Instead control flow variables (tag cfvar) are used to represent the control flow. Control flow variables are not versioned but all other variables are! This gives us a variant of SSA that is easy to get rid of later on -- just ignore the variables' versions.

NJVL is good for:

  • Computing the validity of Nimony's requires and ensures contracts.
  • Control flow sensitive alias analysis. ("Cursor optimizer".)
  • Copy propagation.
  • Common subexpression elimination ("CSE").
  • Move analysis.
  • Induction variables.
  • Loop invariant code motion.

NJVL is bad for:

  • Continuation passing style ("CPS"). For this goto is fundamental.

Tags

ite

ite is the if-then-else control flow. A case statement is also translated into a series of ite, however the tag itec is used so that eventually a case statement can be reconstructed. Every ite has exactly 3 children.

loop

Every while loop is transformed into a loop construct. The structure of loop is:

(loop
  <before cond statements>
  <cond>
  <body> # statements that should be executed if the condition is true; afterwards goto the loop start!
  <after> # everything that comes after the loop! The loop is over at this point!
)

So a loop has always 4 sections.

The after section is logical but uncommon for compiler IRs. The idea is to capture most naturally occurring information like:

  var i = 0
  while i < 10:
    body
  weKnowThat: i >= 10

This also means that an entire block like (stmts ... (while cond actions) afterwards...) is translated into a single loop construct.

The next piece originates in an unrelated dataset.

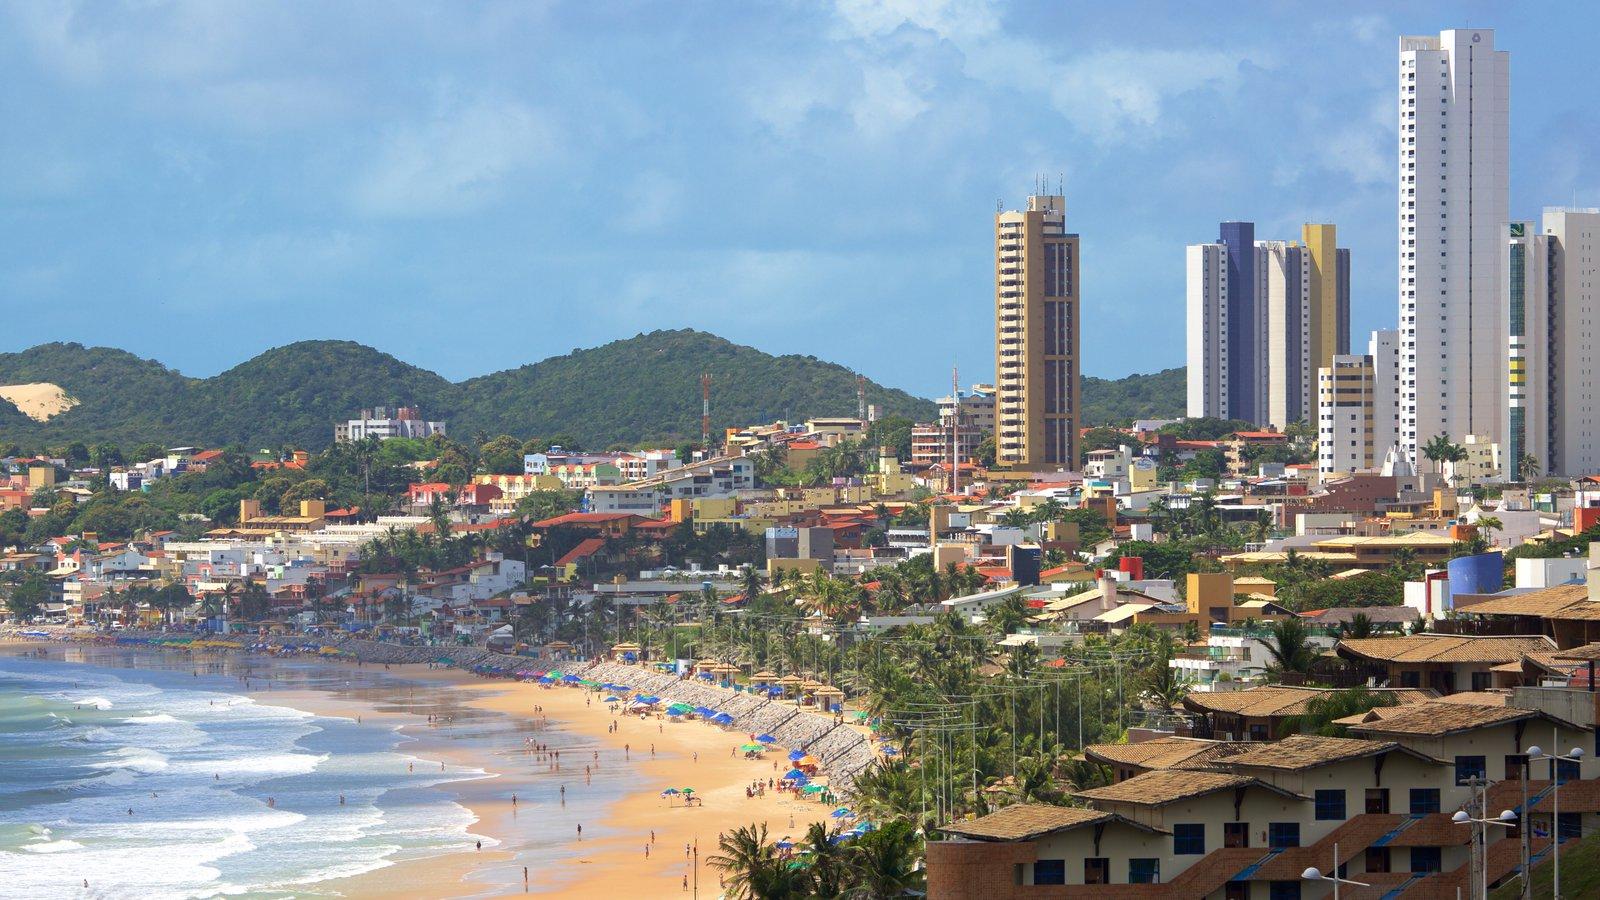 Praia de Ponta Negra caracterizando uma praia, um edifício e uma cidade litorânea

This implies that a loop is always the last construct in a statement list!

either

Loop headers require special handling for versioned variables because of the back-edge: a variable at the loop header could come from either before the loop or from the previous iteration. The either construct declares this explicitly:

(either location result-version initial-version back-edge-version)

The either construct is part of the (continue) statement at the loop back-edge. This placement is practical: the IR constructor only knows which variables are loop-carried after processing the entire loop body. When it reaches the back-edge, it can emit the either clauses for all variables that flow back to the loop header.

For example:

var i = 0
var sum = 0
while i < 10:
  sum = sum + i
  i = i + 1

is translated into:

(var (v i.0 +0) +0)
(var (v sum.0 +0) +0)
(loop
  (stmts)
  (lt (v i.0 +1) +10)

  (stmts
    (asgn (v sum.0 +2) (add (v sum.0 +1) (v i.0 +1)))
    (asgn (v i.0 +2) (add (v i.0 +1) +1))
    (continue
      (either i.0 +1 +0 +2)      # i version +1 is either +0 (initial) or +2 (from back-edge)
      (either sum.0 +1 +0 +2))   # sum version +1 is either +0 (initial) or +2 (from back-edge)
  )
  (after)
)

The either construct appears only in (continue) statements at loop back-edges. It does not appear anywhere else in NJVL.

Difference from unknown:

  • unknown is used at arbitrary control flow joins (if/else) where we've abstracted away the exact provenance
  • either is used at loop back-edges to specify which versions merge at the loop header: the initial value and the back-edge value

Execution semantics:
For execution purposes, either can be ignored or treated as equivalent to unknown - the runtime value is simply whatever flows through control flow. The either construct is primarily for optimization analyses.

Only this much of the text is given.